1. Field of the Invention
The present invention relates to a fluidized bed heat generating system and a method of operation. In particular, the present invention is concerned with maintaining a selected particle size range for recirculating solid fine particulate material which is entrained in gaseous fluid flowing through a combustion reactor vessel which has a fluidized dense bed section at a lower level therein containing a permanent bed of large coarse solid particulate material. Combustion takes place in and above the dense bed and recirculating fine solid particulate materials move through the system absorbing and giving up heat generated in the combustion process.
2. Description of the Prior Art
The present invention is an improvement over fluidized bed systems such as those disclosed in U.S. Pat. Nos. 4,084,545 and 4,154,581 wherein a dense fluidized bed containing relatively coarse solid bed particles is maintained within a combustion vessel wherein entrained fluidized relatively find solid bed particles are recirculated to absorb heat generated in a combustion process taking place within the vessel adjacent the vicinity of the dense fluidized bed section. It has been found that prior art systems of the type disclosed in the aforementioned U.S. patents have had problems because of accumulation, degradation, attrition and agglomeration of the solid particulate materials used in the system.
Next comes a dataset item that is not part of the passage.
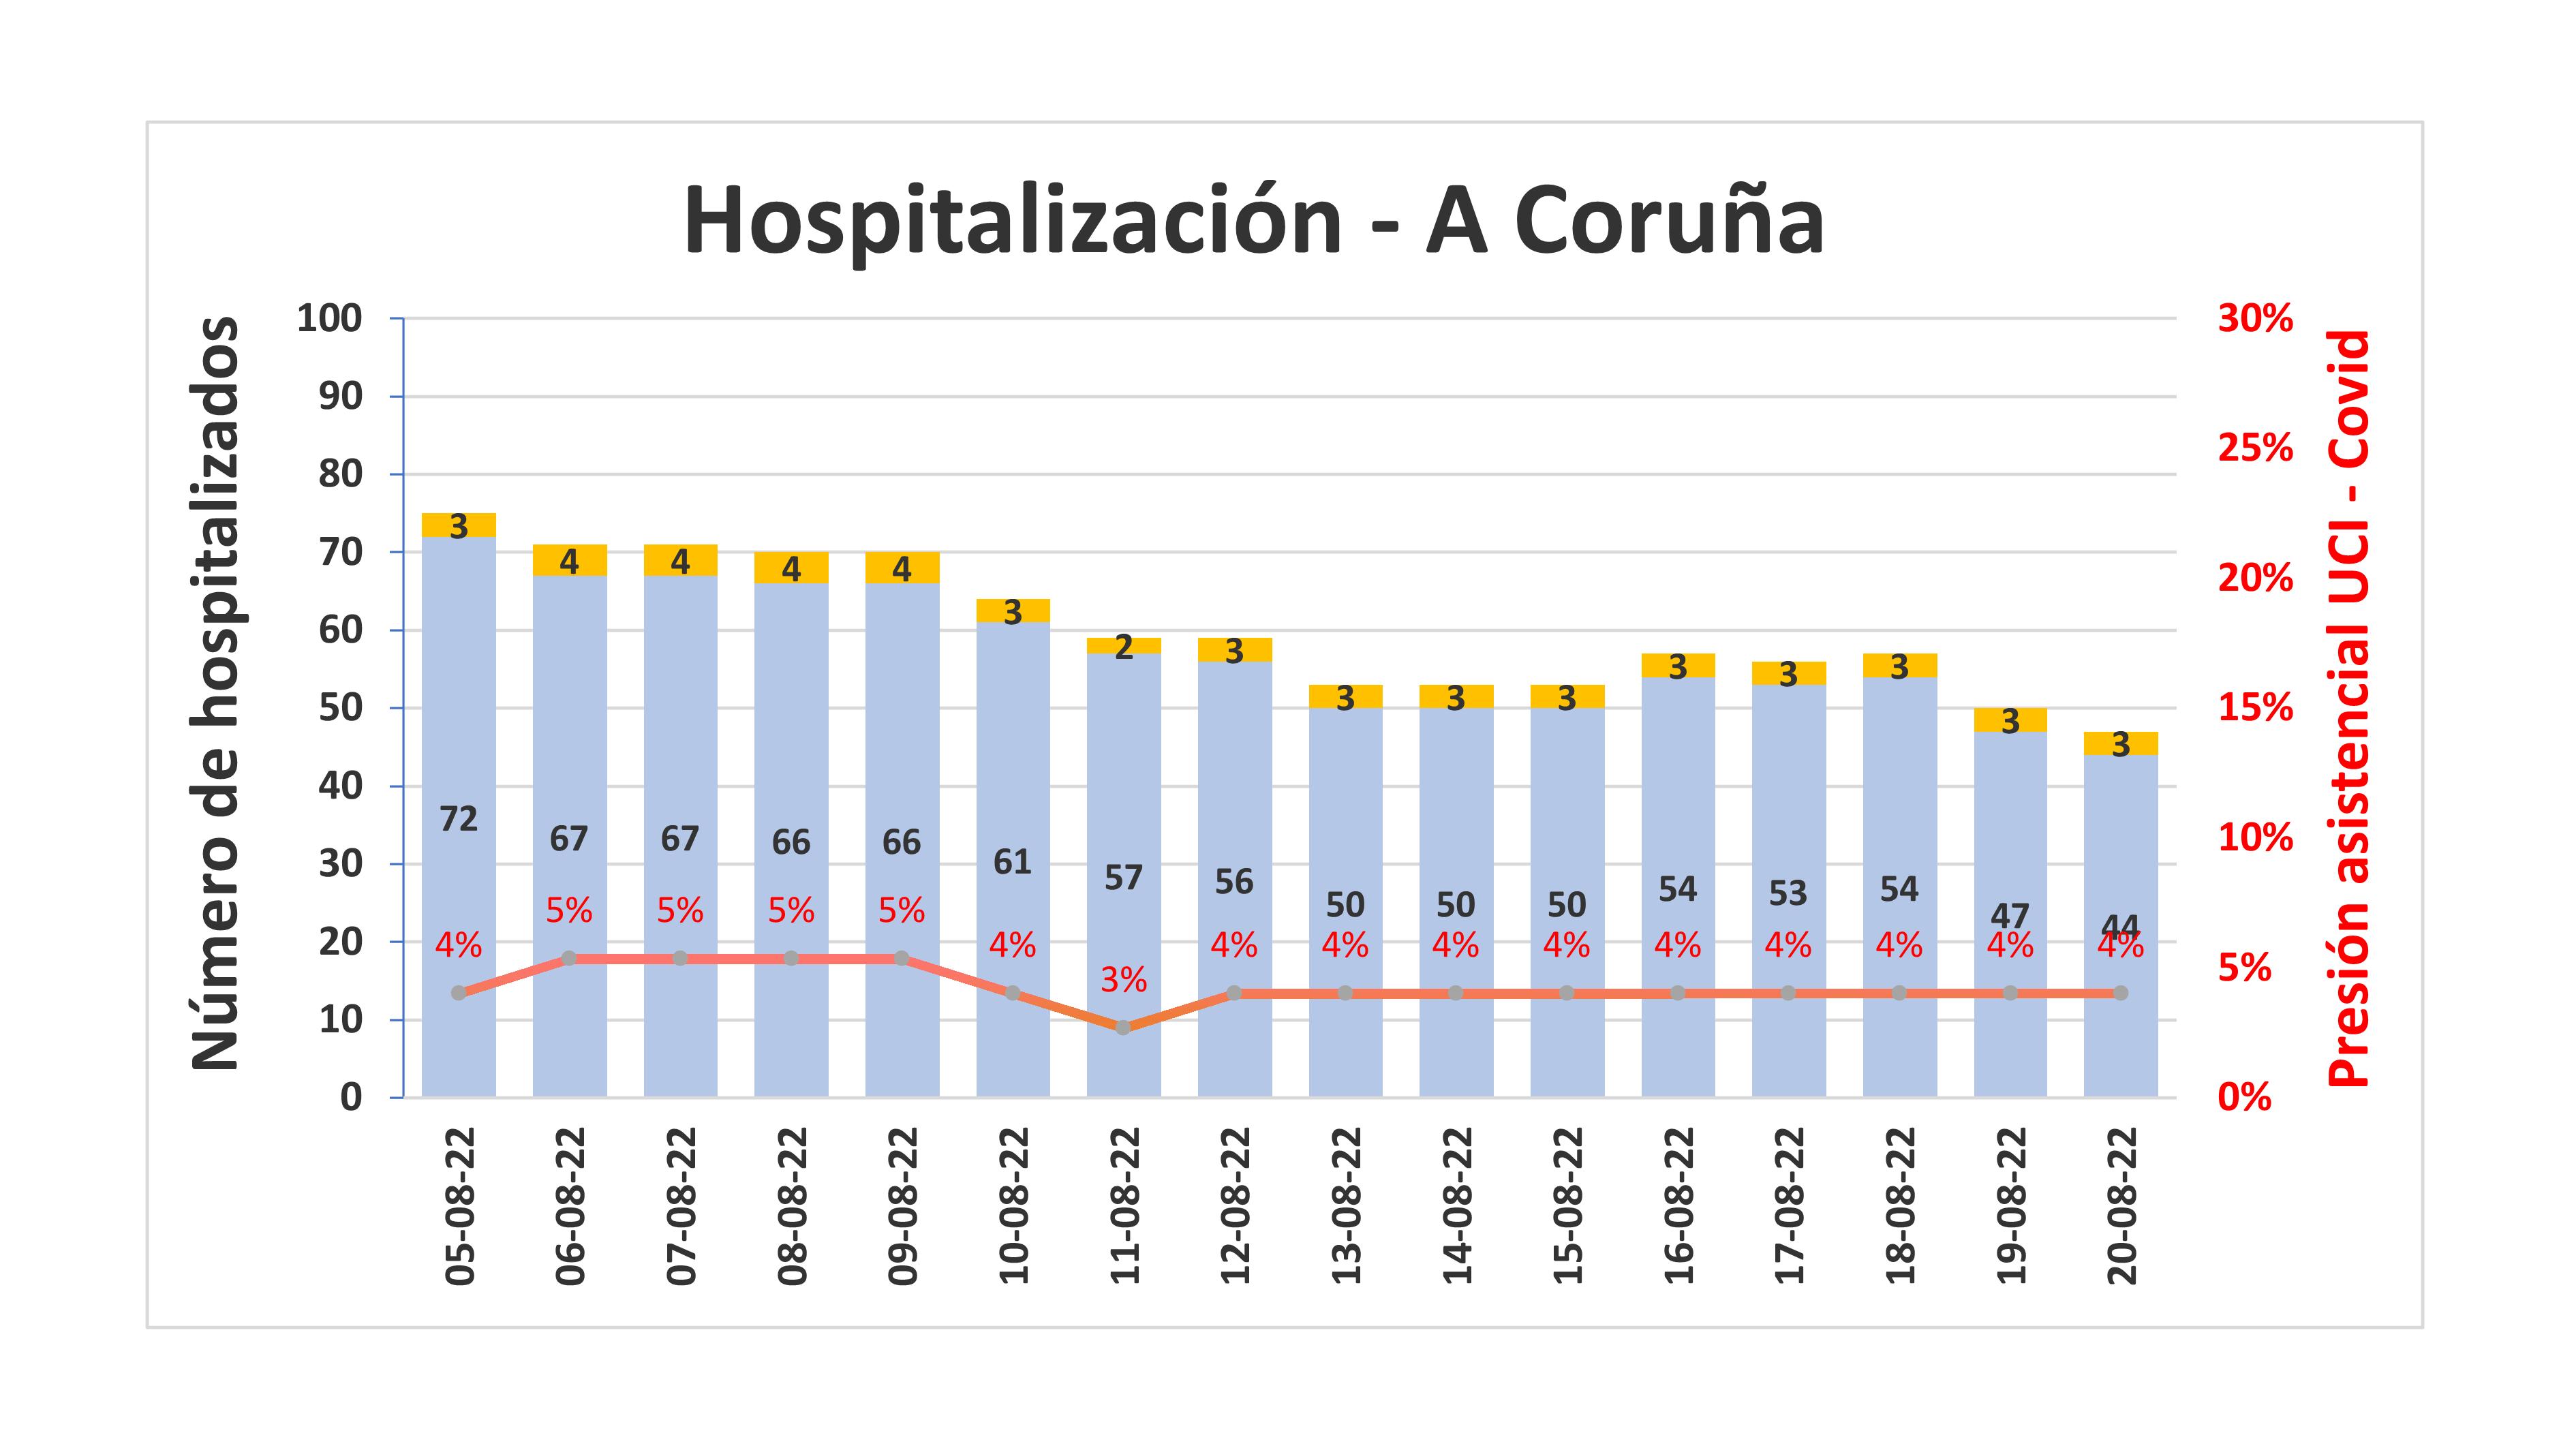 Hospitalización na área de A Coruña

Accumulation of the fine solid particles sometimes occurs in the dense bed section at times of operation at less than full or design primary airflow and when operating at reduced loads, particles in a size range of approximately 500 microns to 1000 microns have been difficult to entrain and move out of the fluidized dense bed section for recirculation.
Degradation of the dense bed material sometimes occurs as a result of thermal shock upon addition of make up to said dense bed. The results are similar to attrition but occur quickly, forming middling sizes which are ineffective as a grinding media for fuel and ineffective as time delay material for the fine entrained material. These middling sizes may accumulate in the dense bed at low fluidizing velocities or may leave the dense bed at high fluidizing velocities. Degraded or attrited material leaving the top of the dense bed act as a cloud adjacent the region of secondary air admission.
Attrition of the relatively coarse solid particulate materials in the dense bed section occurs and causes particles to be formed in a size range of approximately 1000 microns to 6000 microns and these particles tend to accumulate in the dense bed section. Such particles are too small in size and surface areas to efficiently operate in the dense bed environment.
Agglomeration of and growth of the smaller or fine solid particles in the dense bed section also occurs and this tends to defluidize the dense bed section with a marked increase in the pressure drop across the dense bed.
Another problem with present fluidized bed systems is the relatively poor performance at less than design loads caused because of an increased pressure drop in the dense bed section when the primary airflow is not modulated or reduced to accommodate reduced loads. As a result, part load performance is degraded because of high stack losses and high NOx production, both of which are caused by high excess air at low heat loads.
Because of attrition problems, the dense bed section produces middling size particles which are not large enough in surface area for size reduction of the solid fuel and which cause too high a pressure drop in the dense bed section, thereby resulting in increased power consumption, even at normal design loads.